In homoacrylate polymerization reaction processes of the prior art, various significant problems exist, for example difficulties in predicting or controlling both the polydispersity and modality of the polymers produced. These acrylate polymerization processes produce polymers with high weight average molecular weights (M.sub.w) and low number average molecular weights (M.sub.n) resulting in broad polydispersities or low molecular weight (M.sub.n) and in some instances low conversion. Further, acrylate polymerization processes of the prior art are prone to generating excessive quantities of heat since the polymerization reaction is exothermic. As the viscosity of the reaction medium increases dissipation of heat becomes more difficult. This is referred to as the Trommsdorff effect as discussed and illustrated in Principles of Polymerization, G. Odian, 2nd Ed., Wiley-Interscience, N.Y., 1981, page 272, the disclosure of which is entirely incorporated herein by reference. This is particularly the situation for reactions with high concentrations of soluble monomer, for example greater than 30 to 50 percent by weight soluble monomer, which are conducted in large scale reactors with limited surface area and limited heat dissipation capacity. Moreover, the exothermic nature of free radical acrylate polymerization processes is often a limitation that severely restricts the concentration of reactants or the reactor size upon scale up.

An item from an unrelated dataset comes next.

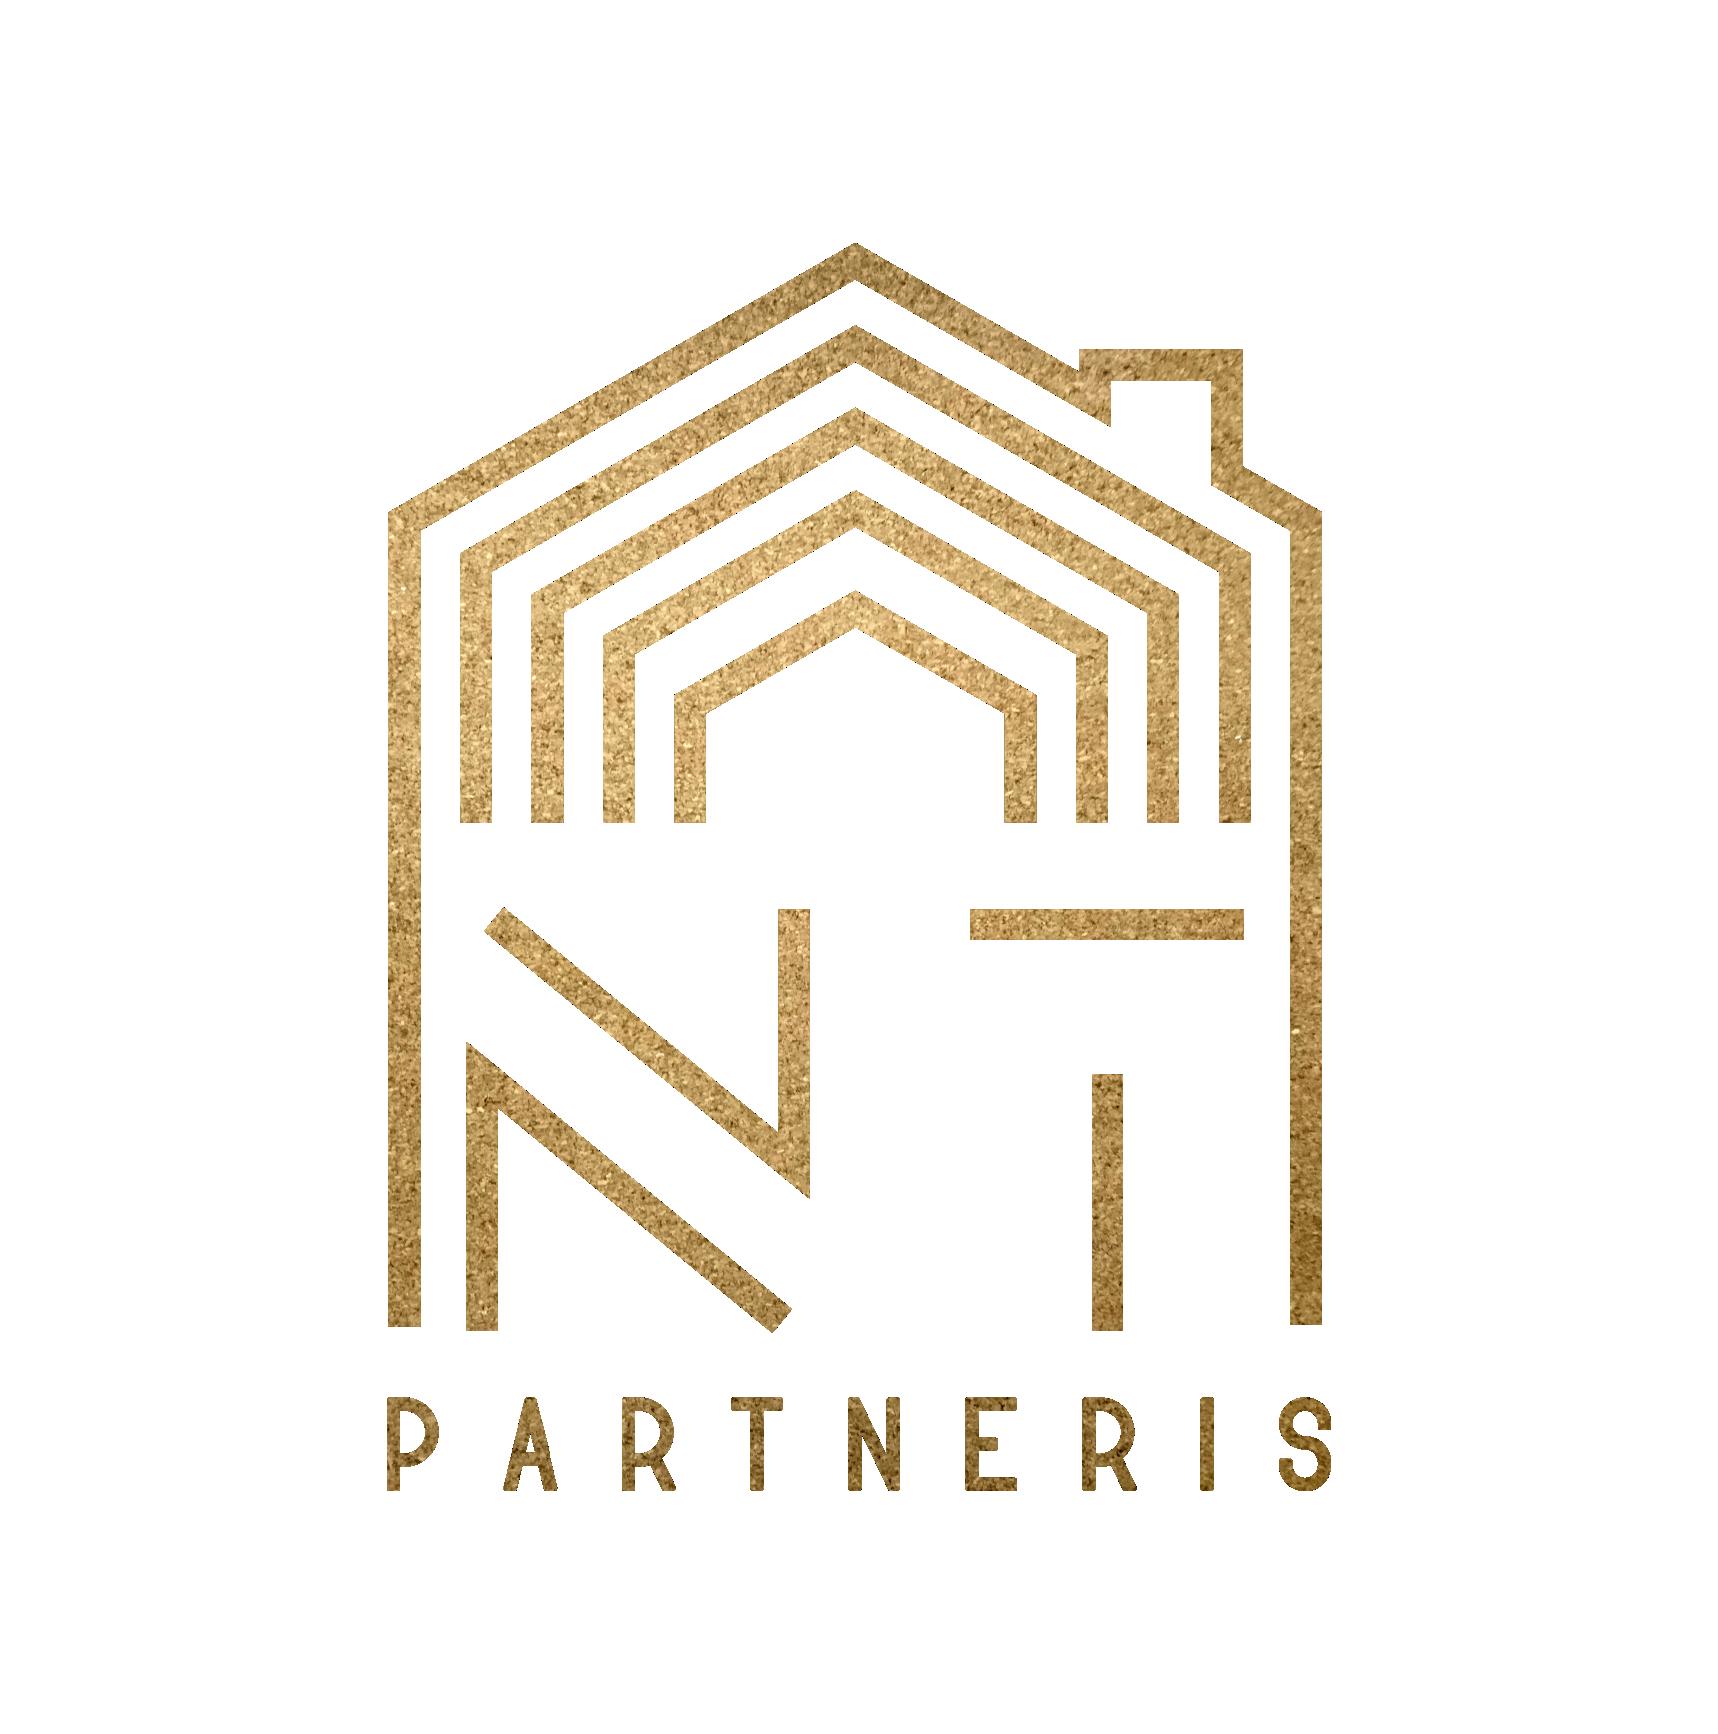 NT Partneris

Further, gel body formation in conventional free radical polymerization processes may result in a broad molecular weight distributions and/or difficulties encountered during filtering, drying and manipulating the product resin, particularly for highly concentrated reactions.
These and other disadvantages are avoided, or minimized with the homoacrylate and copolymeric acrylate polymerization processes of the present invention.

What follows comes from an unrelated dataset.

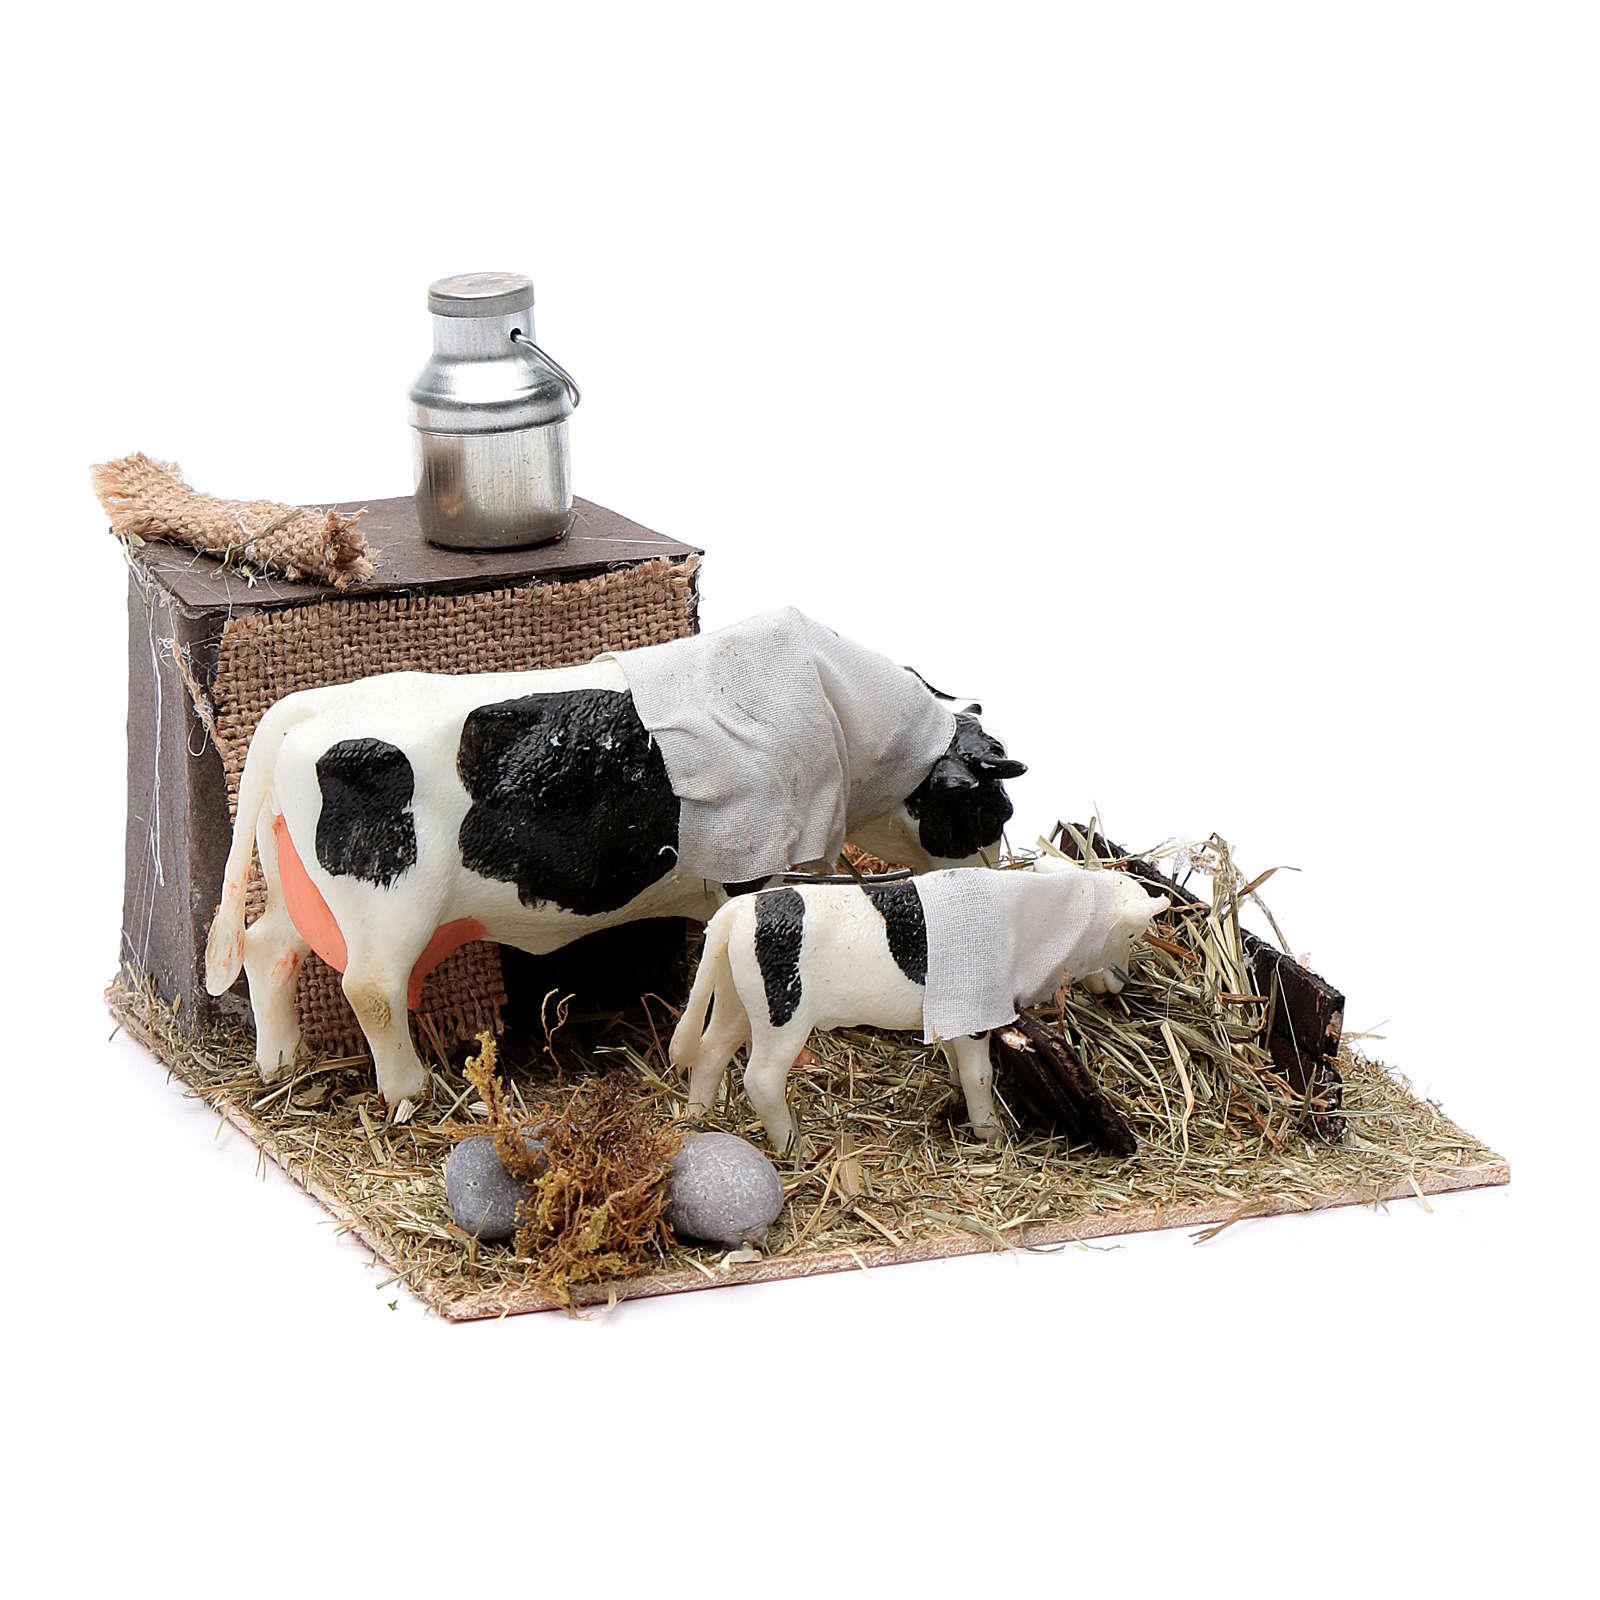 Neapolitan nativity scene cow and calf with trough in movement 12 cm 4

Thus, there remains a need for homoacrylate acrylate polymerization processes for the preparation of narrow polydispersity polymeric resins containing homoacrylate segments by economical and scalable free radical polymerization techniques and which polymers retain many or all of their desirable physical properties, for example, hardness, low gel content, processability, clarity, high gloss durability, and the like, while avoiding the problems of gel formation, exotherms, volume limited and multi-stage reaction systems, purification, performance properties of the polymer resin products, and the like, associated with prior art free radical acrylate polymerization methodologies.
The homoacrylate and copolymeric acrylate polymerization processes and homoacrylate containing thermoplastic resin products of the present invention are useful in many applications, for example, as a variety of specialty applications including toner and liquid immersion development ink resins or ink additives used for electrophotographic imaging processes or where monomodal or mixtures of monomodal narrow molecular weight resins or block copolymers with narrow molecular weight distribution within each block component are suitable for use, for example, in thermoplastic films and aqueous or organic solvent borne coating technologies.